Activists Launch Same-Sex Marriage Bus Tour

By Susan Brinkmann, OCDS
Staff Journalist

Proponents of same-sex marriage are planning to use the momentum they gained by the passage of New York’s Marriage Equality Act to launch a bus tour that will take them into 11 states that have banned the unions with the hopes of educating locals on other ways to secure equal recognition under the law.

The Associated Press (AP) is reporting that the Human Rights Campaign, a leading national gay-rights group, will launch a bus tour on August 12 that will take it to 11 states that currently ban same-sex marriage. The tour will begin in Salt Lake City, Utah and end in Orlando, Florida, and will visit Nebraska, Kansas, Missouri, Louisiana, Texas, Arkansas, Kentucky, Georgia and Alabama. All of these states do not recognize same-sex relationships and have no state nondiscrimination laws designed to protect homosexuals.

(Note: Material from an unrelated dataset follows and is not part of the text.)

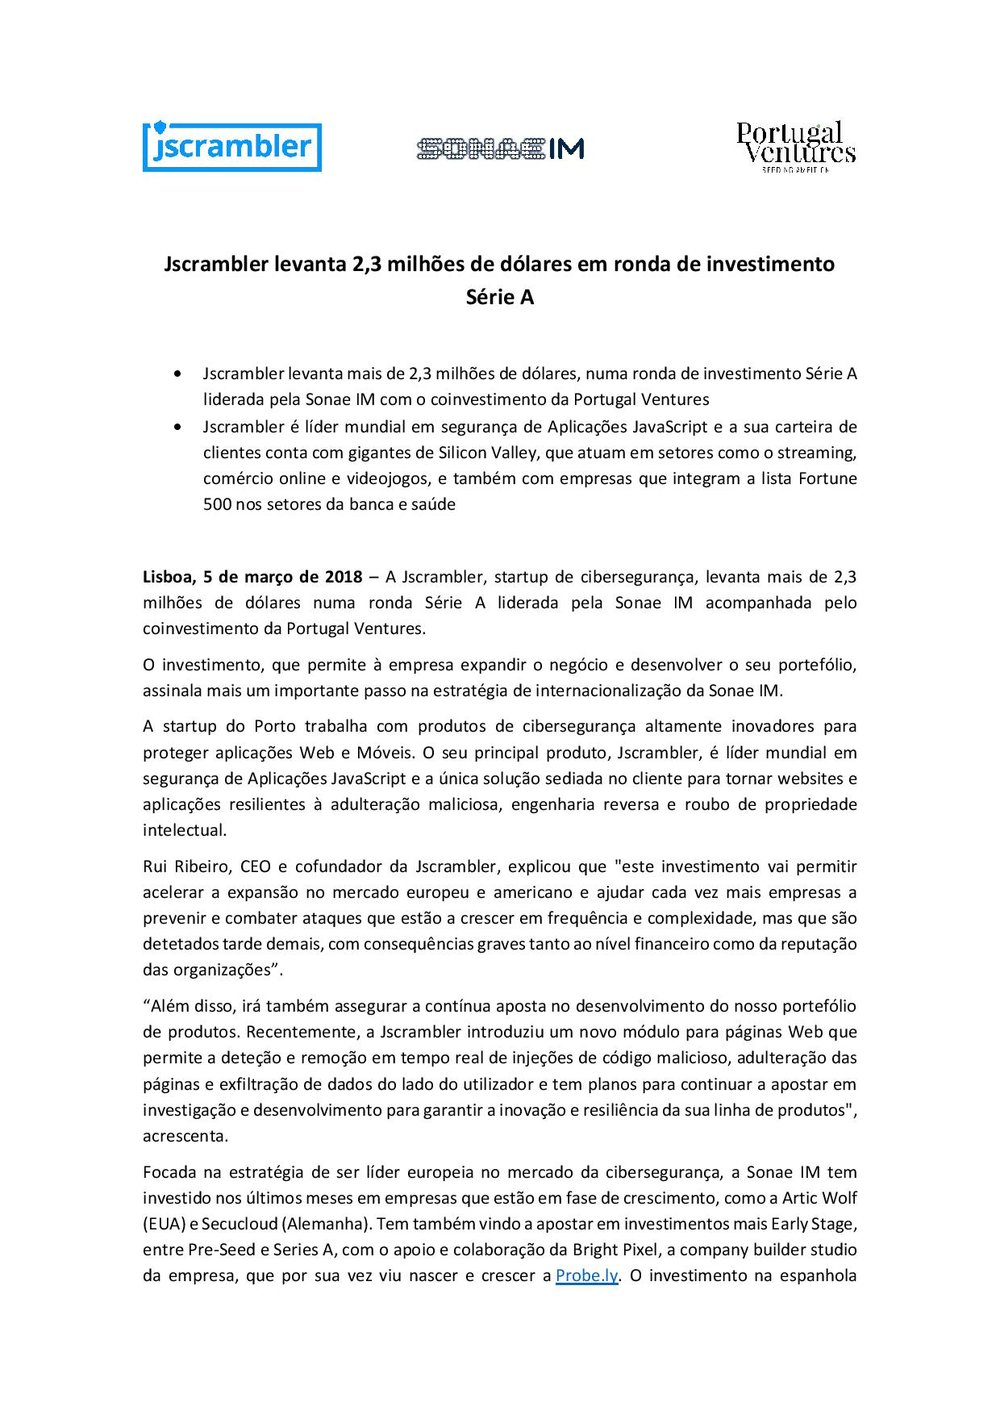 [PT] Jscrambler - PR Investimento Sonae IM-page-001.jpg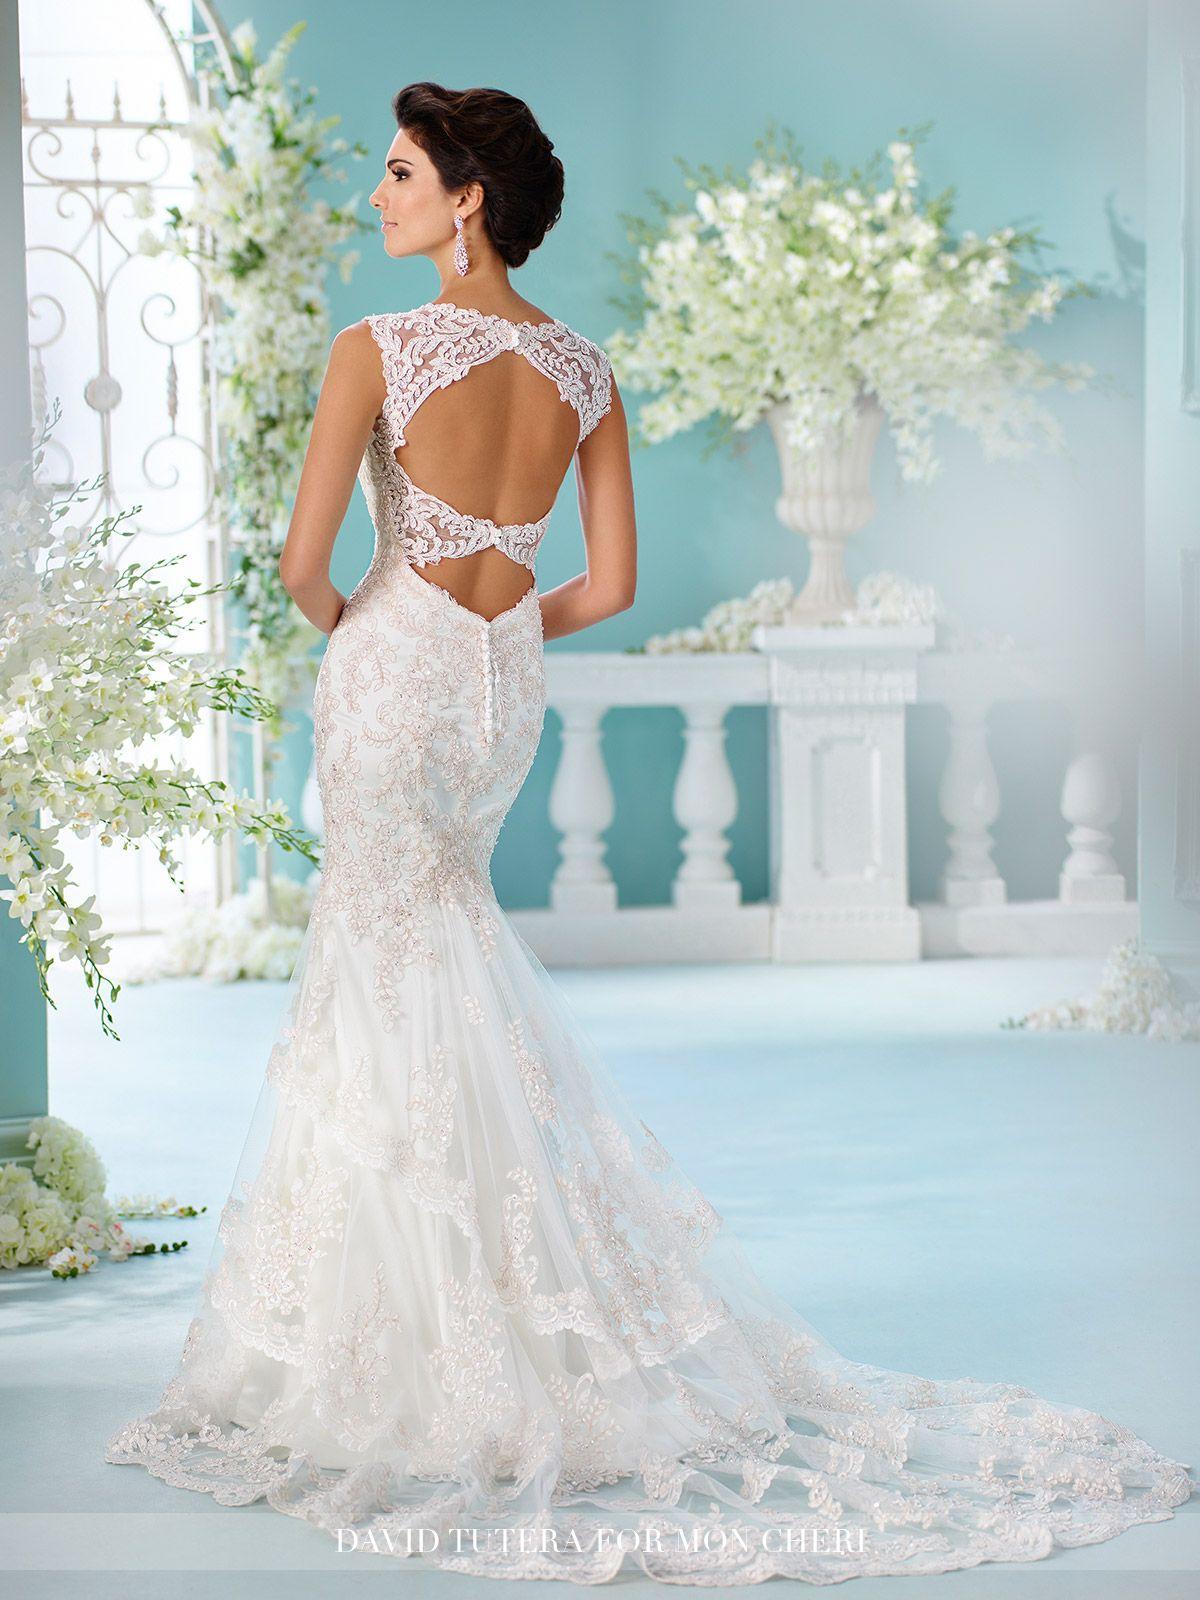 Keyhole Back Satin Fit & Flare with Lace Wedding Dress- 216246 ...

“We’re going into the belly of the beast,” said Fred Sainz, the Human Rights Campaign’s vice president for communications, to the AP.

Sainz says activists on the bus tour will host forums and workshops offering advice to local homosexual communities on how to empower themselves politically, even in states where same-sex marriage is not a possibility. They will encourage these groups to look to advance their cause through local ordinances and initiatives.

For instance, two years ago Salt Lake became the first city in the state to offer housing and employment protections for gays and lesbians; it also has a “mutual commitment registry” that offers some local recognition to same-sex couples. Activists believe these measures are a good example of the kind of modest goals that can be achieved even in very conservative communities. 

“We recognize that same-sex marriage may not be right around the corner,” said Marina Gomberg of Salt Lake City’s Pride Center, “but we see different areas where we can change our state and have changed our state.”

But even as New York same-sex couples are celebrating their newly obtained right to “marry,” national activists recognize the many obstacles that exist in their plan to make homosexuality acceptable in mainstream America. The best they can do in some places is just use the New York triumph as a way to bolster the hopes of their community.

“The bus tour intends to draw attention to these challenges and ensure that this rising tide lifts all boats,” said the HRC’s Joe Solmonese.

The legalization of same-sex marriage in New York may buoy some spirits, but it leaves many others cold.

When asked if he thought the bus tour was a “shot across the bow” from activists who hope to sway public sentiment in conservative states, Jerry Cox, head of the Arkansas Family Council said no. 

“I don’t believe it’s a shot across the bow,” Cox said. “I would say it’s an indication of how out of step New York is with the rest of the country.”

Arkansas’ governor Mike Beebe recently told a homosexual rights group that he can’t see himself supporting same-sex marriage or civil unions.

Kerry Messer of the Missouri Family Network said nothing short of a federal court ruling could force his state to reverse a ban on same-sex marriage which was approved by 70 percent of the voters in 2004.

“The attitudes haven’t changed since then,” Messer said. “If anything, I think they maybe have swung a little closer to the traditional marriage idea.”

The bus tour will wind up in Florida, a pivotal swing state in presidential elections. In 2008, an amendment banning same-sex marriage passed with 62 percent support.

Thus far, only six states have legalized same-sex marriage with a contentious voter referendum likely to take place on the issue in Maryland in 2012. Thirty-one states have brought the matter to a vote and in every case voters elected to limit marriage to the union between one man and one woman.